How to complete this task :: The lines below starting at the line containing "青岛公共交通运营线路长度综合情况3年数据分析报告2019版" and ending at the line containing "남아 비만율 25%…OECD" are to be repeated exactly, with both ends kept and nothing else added.

Data records ::

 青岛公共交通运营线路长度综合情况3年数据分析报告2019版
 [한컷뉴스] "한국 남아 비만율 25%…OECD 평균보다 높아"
--
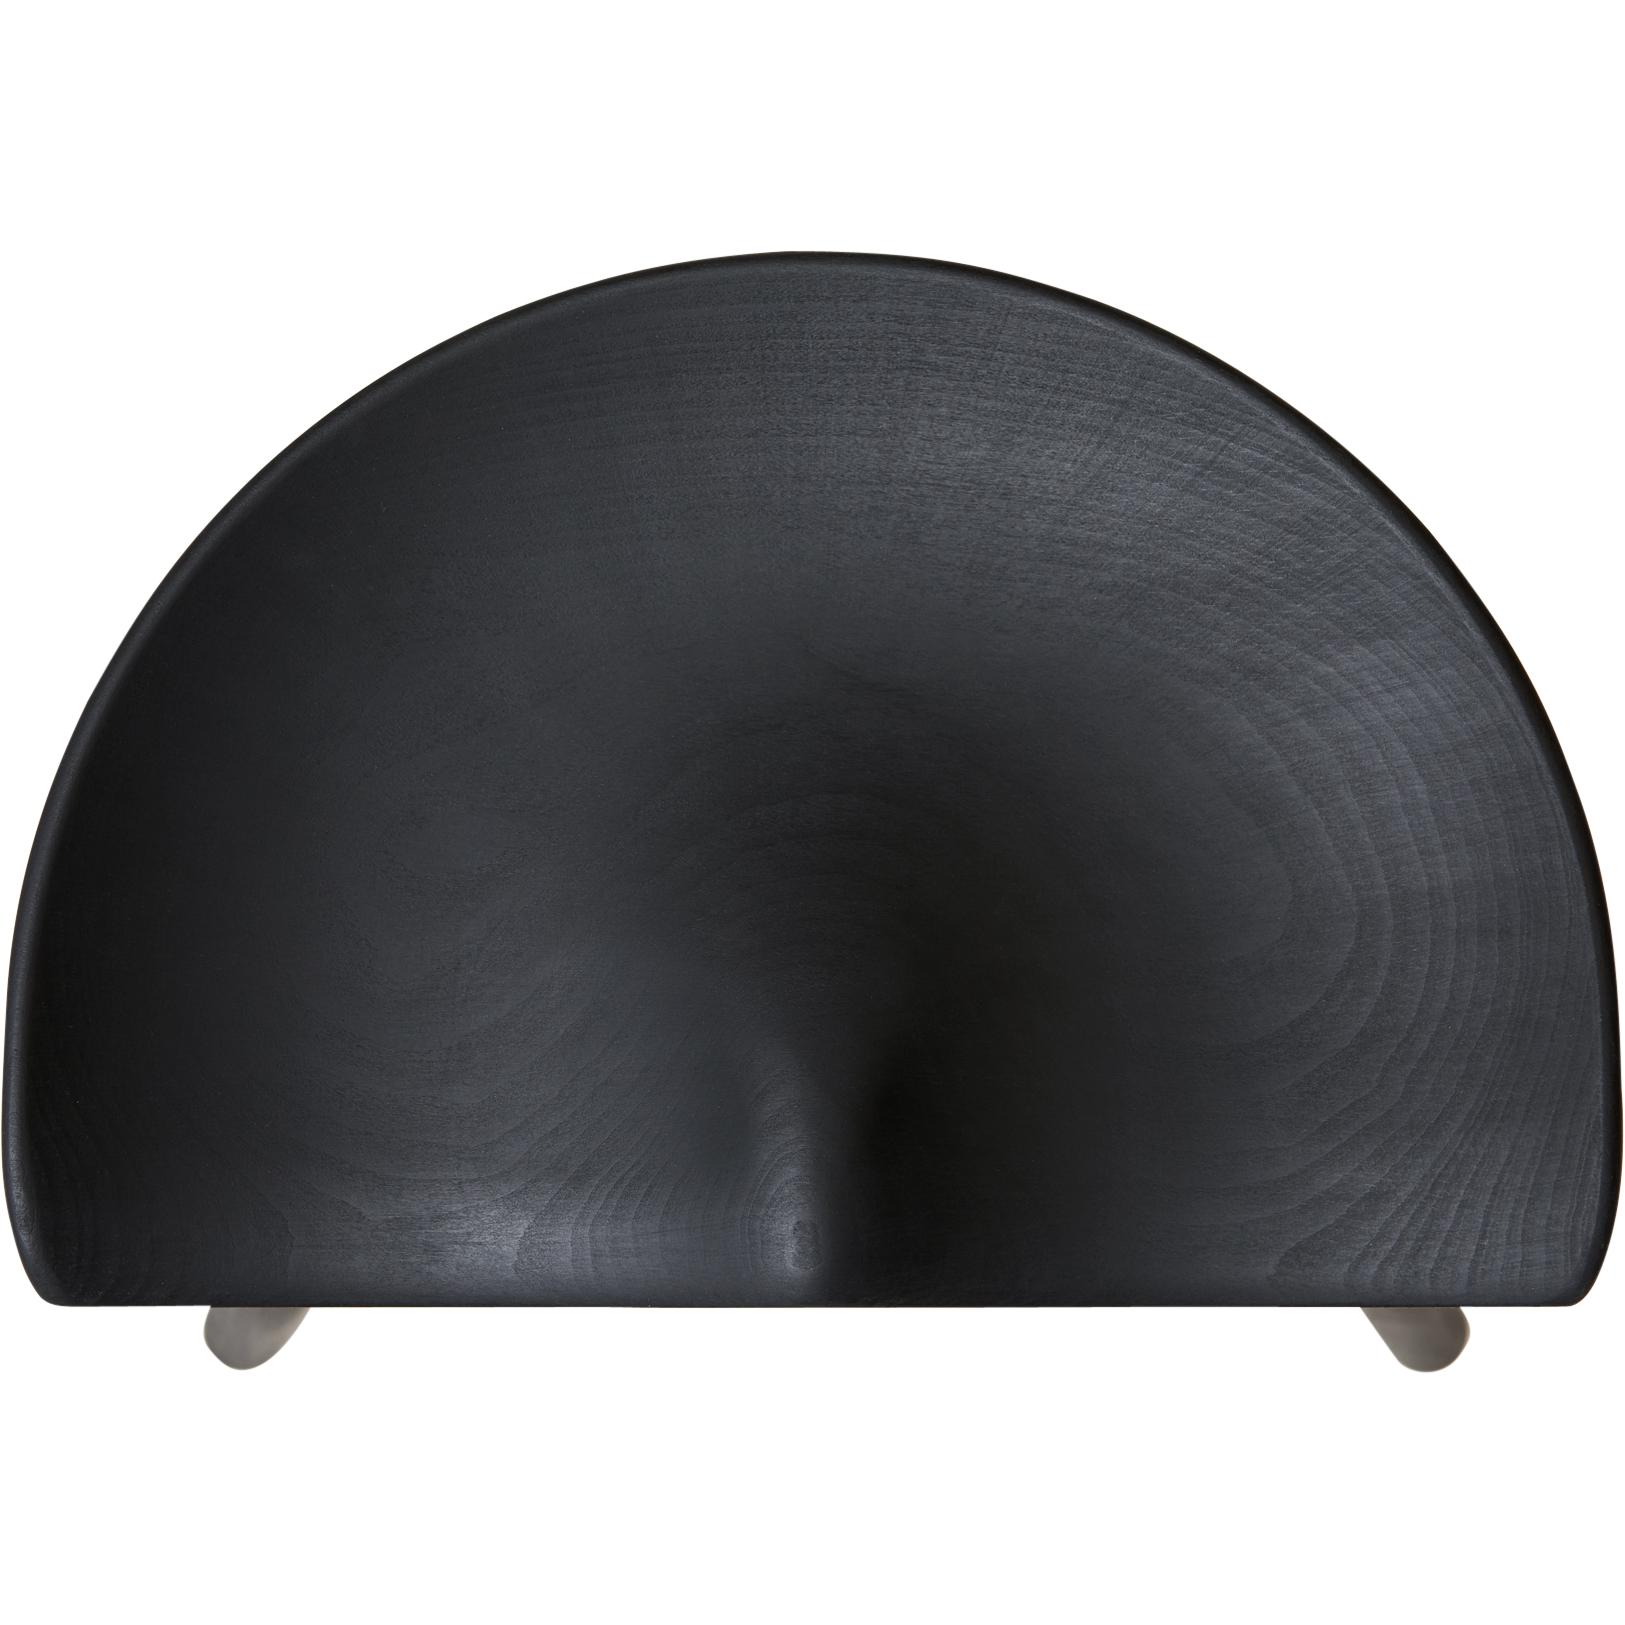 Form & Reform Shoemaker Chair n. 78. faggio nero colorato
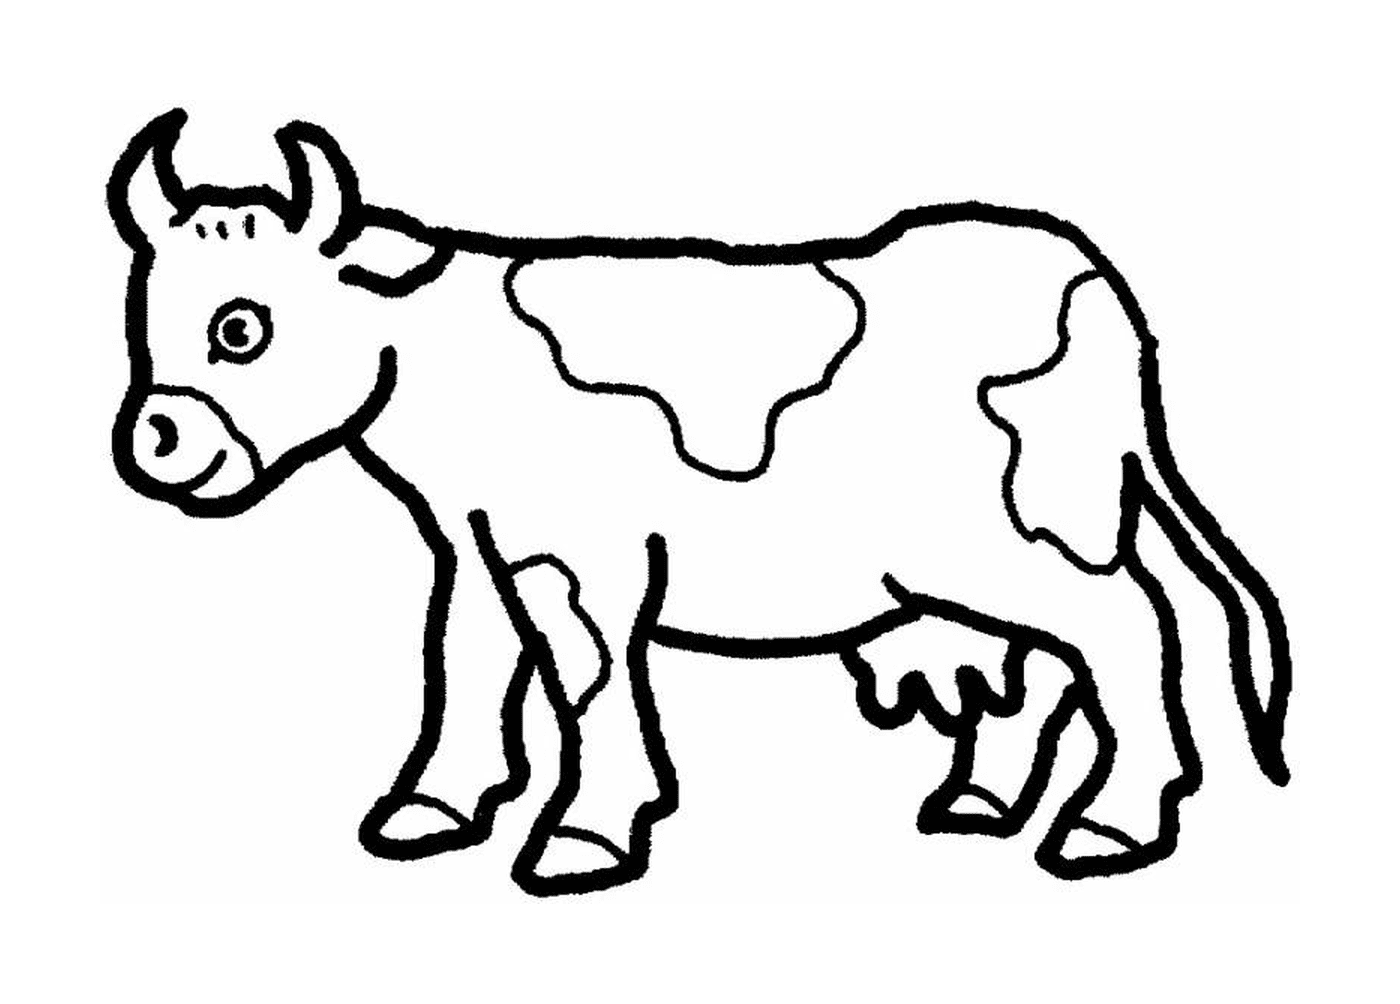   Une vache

Expected output ::
 青岛公共交通运营线路长度综合情况3年数据分析报告2019版
 [한컷뉴스] "한국 남아 비만율 25%…OECD 평균보다 높아"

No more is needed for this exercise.